07-07-2016 02:27 PM
I've got a dataset that looks like the one above, and I need an output report that looks like so:
"Number of workdays" is Lag_Workdays used as a classification variable.
"Delayed/Non-delayed" is Priority used as a classification variable
"Total Consultations" is a set of total columns (i.e., Delayed + Non-Delayed)
"2010/2011" is Intake_Year used as a classification variable (the original dataset has 6 years of data, but I've truncated the output report to show only these two years for this example. In the final report I want all 6 years.)
"N" is N (i.e., number of records within those classifications)
"%" is percent N
"cumtot" and "cumpct" are cumulative total and cumulative percent respectively
Obviously PROC Freq creates these types of frequency tables naturally, but due to the number of nested classifications it seemed like I needed something with a little more power. (I know that I can run Proc Freq and create output tables, then splice those tables back together to create the final report, but I was hoping for something a little more sophisticated.)
Then I turned to PROC Tabulate, but proc tab can't do cumulative freqs and percents.
Then I found a paper on how to do cumulative freqs and percents with PROC Report, but that procedure is not my particular forte, so I quickly got stumped. I'd be happy to share the code that I've developed so far, but it's probably a gross bastardization of PROC Report that would embarass any proper programmer.
07-07-2016 03:32 PM - edited 07-07-2016 05:51 PM
Please post the code anyway. Sometimes it turns out to br pretty close and you're only missing one or two bits. As a minimum it gives folks variable names and such.
It would also be ideal to provide a small data set that shows the basic behavior of your data providing basic challenges (2 nests at any level). If you can provide that as a datastep then tested code may be provided.
has an example of code to turn your dataset into a data step.
07-07-2016 04:20 PM
Ok, here's my bastardized code...
proc report data=consults nowd; format priority $del.; where status not in ('07' '08' '09') and intake_date le '31dec2015'd; column lag_workdays intake_year=all,(tk=acount tk=apct ytd cumpct) priority,intake_year,(tk=count tk=pct) ; define all / across 'Total Consultations'; define acount / analysis n format=comma8. 'N'; define apct / analysis pctn format=percent8.2 '%'; define priority / across ' '; define intake_year / across ' '; define lag_workdays / group 'Number of workdays' missing; define count / analysis n format=comma8. 'N'; define pct / analysis pctn format=percent8.2 '%'; define ytd / computed; define cumpct / computed; compute before; total+acount; cumtot=0; endcomp; compute ytd; cumtot+acount; ytd=cumtot; endcomp; compute cumpct; cumpct=ytd/total; endcomp; run;
So far I can get the basic structure of the report to work.
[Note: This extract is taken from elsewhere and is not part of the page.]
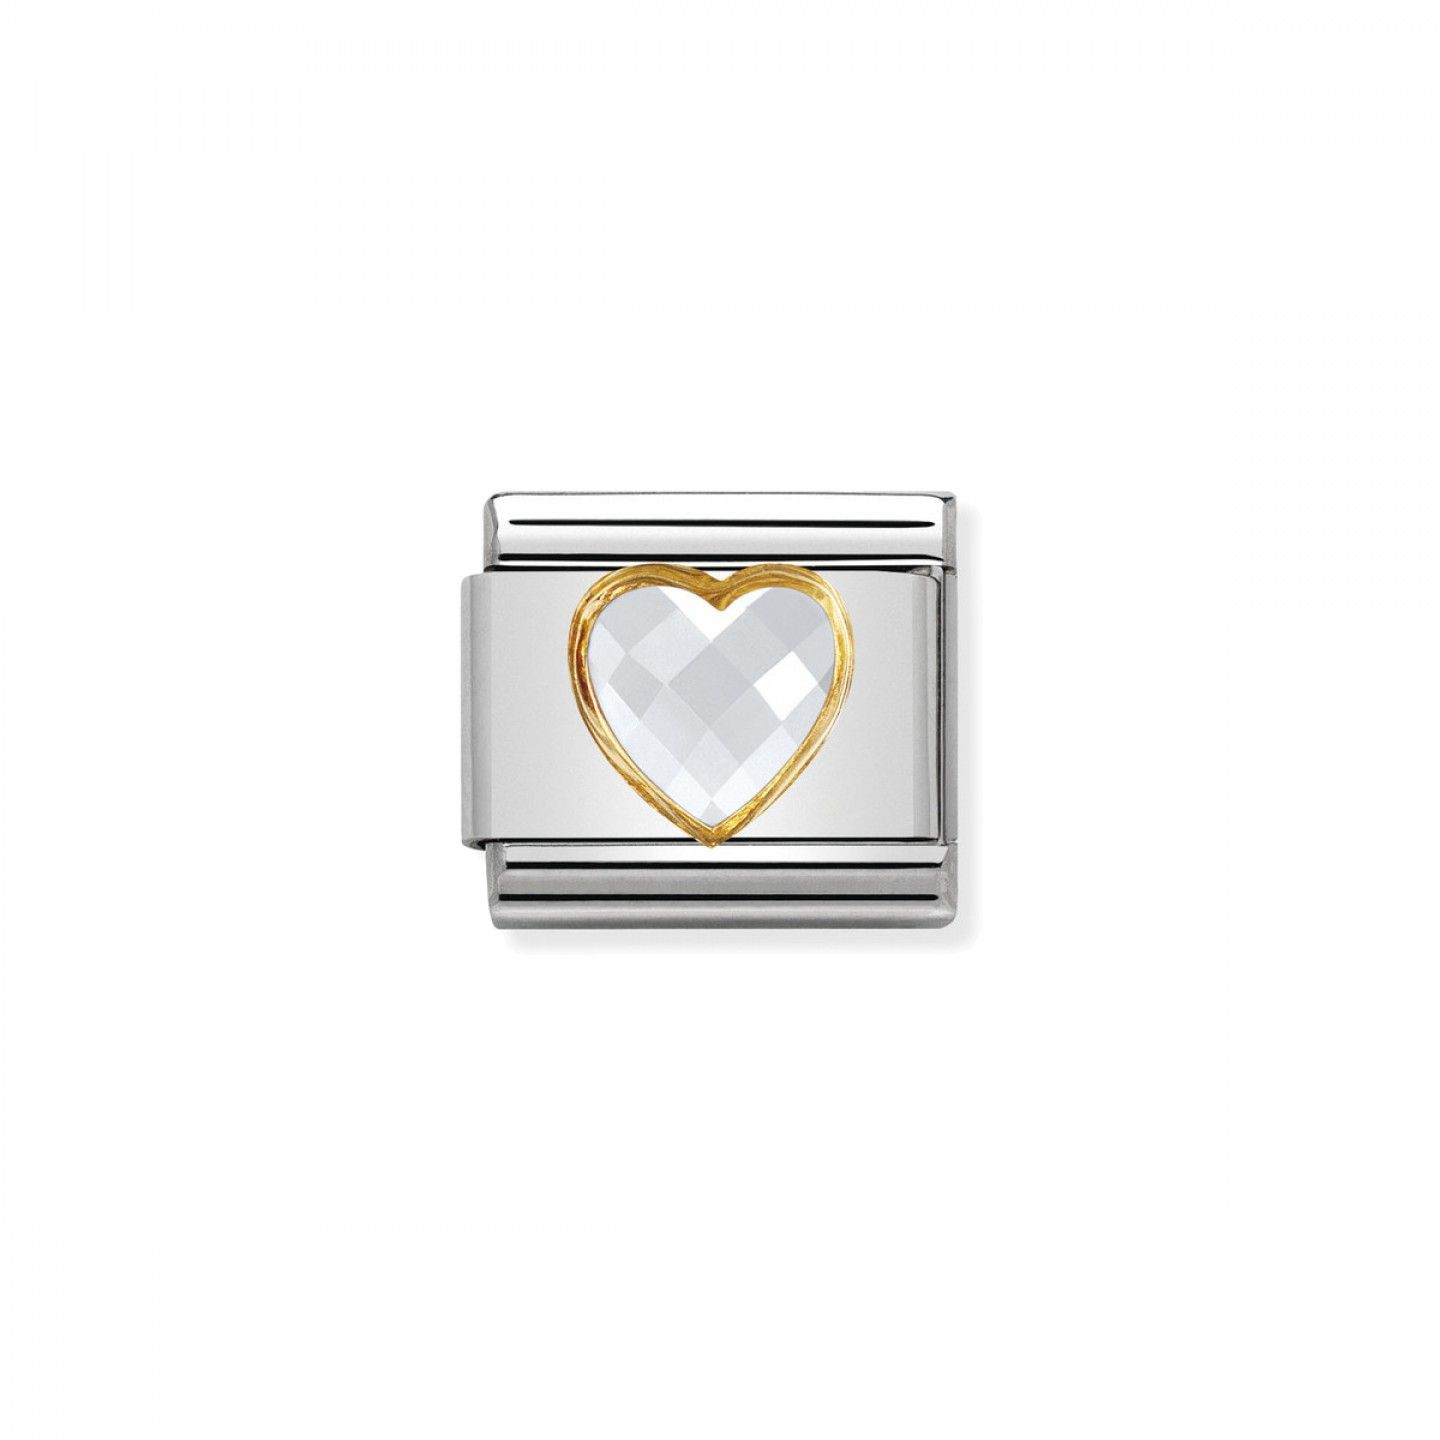 Charm Link NOMINATION, Ouro 18K, Pedra coração branco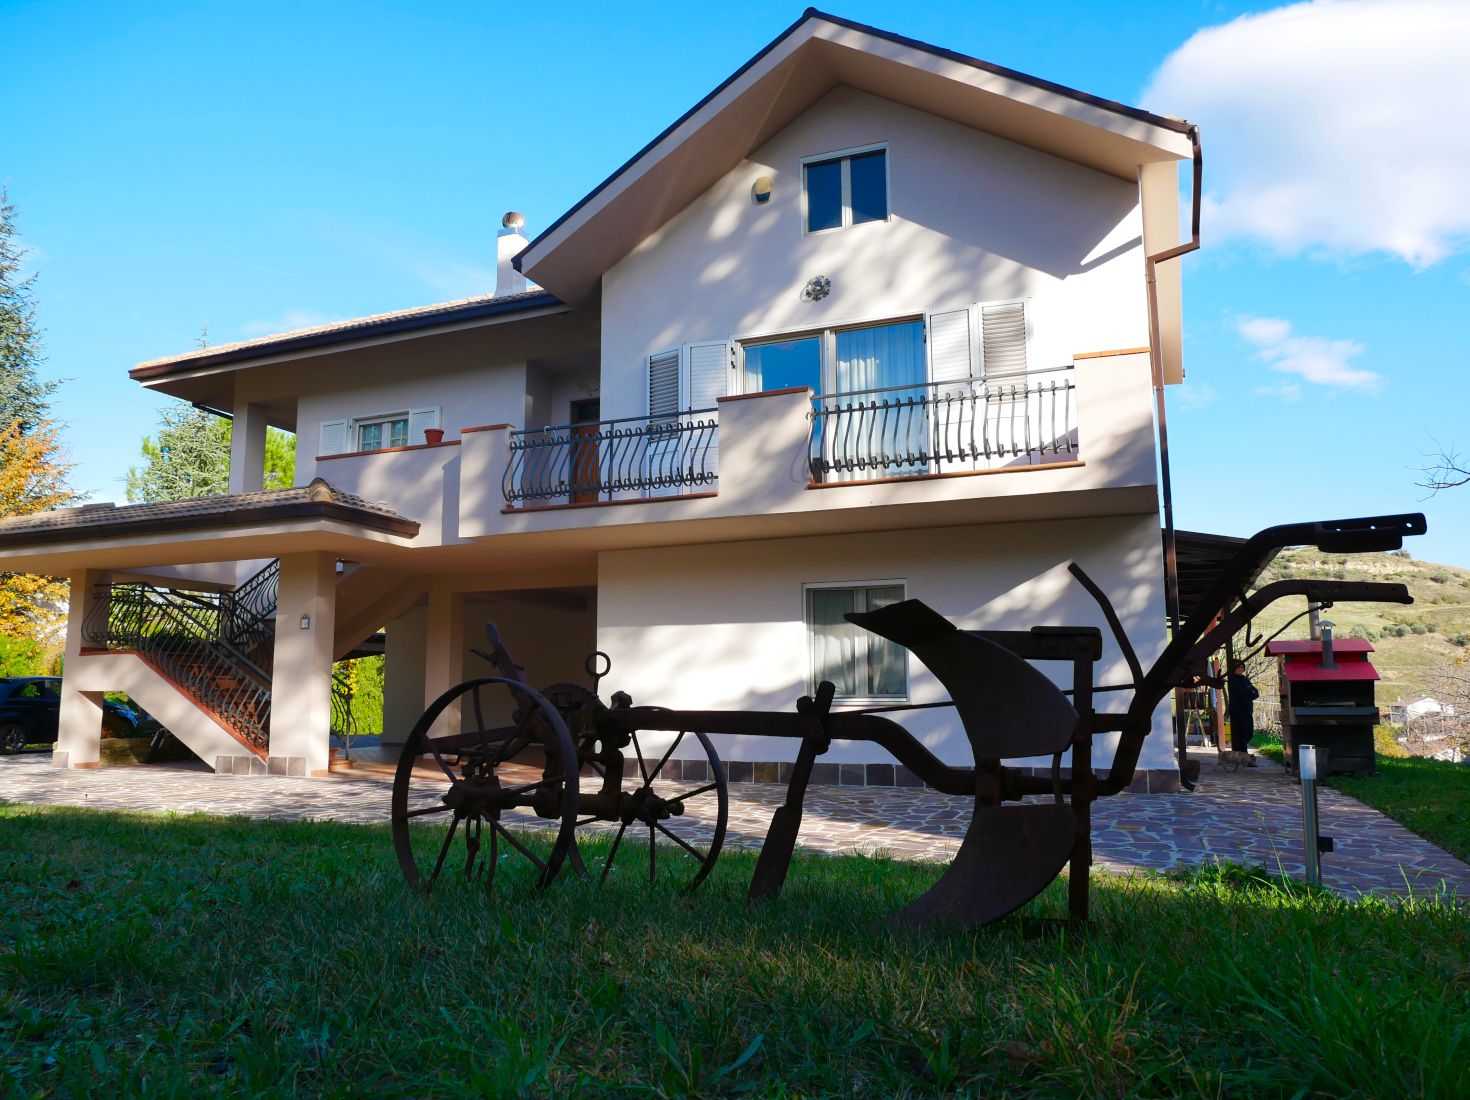 A vendre villa in zone tranquille Alanno Abruzzo

The piece that isn't working is the compute blocks. It's all coming out as missing.
I'm guessing that a significant part of my probably is how I'm using the TK field to calculate the N and PCTN columns. It looks like I'm doing that wrong, but I'm not sure what the correct way is to create those columns.
Relatedly, the compute block portion says that "acount" is uninitialized. When I try to change the reference to something like "tk.N" it gives me an error that says that using tk.N is inappropriate.
And here's the paper that I found that gave me the basic structure for calculating the cumulative columns:
As shown in the example above, I'd like the cumulative totals to show up for all sections of the report, not just within the "Total Consultations" portion, but I didn't get that far...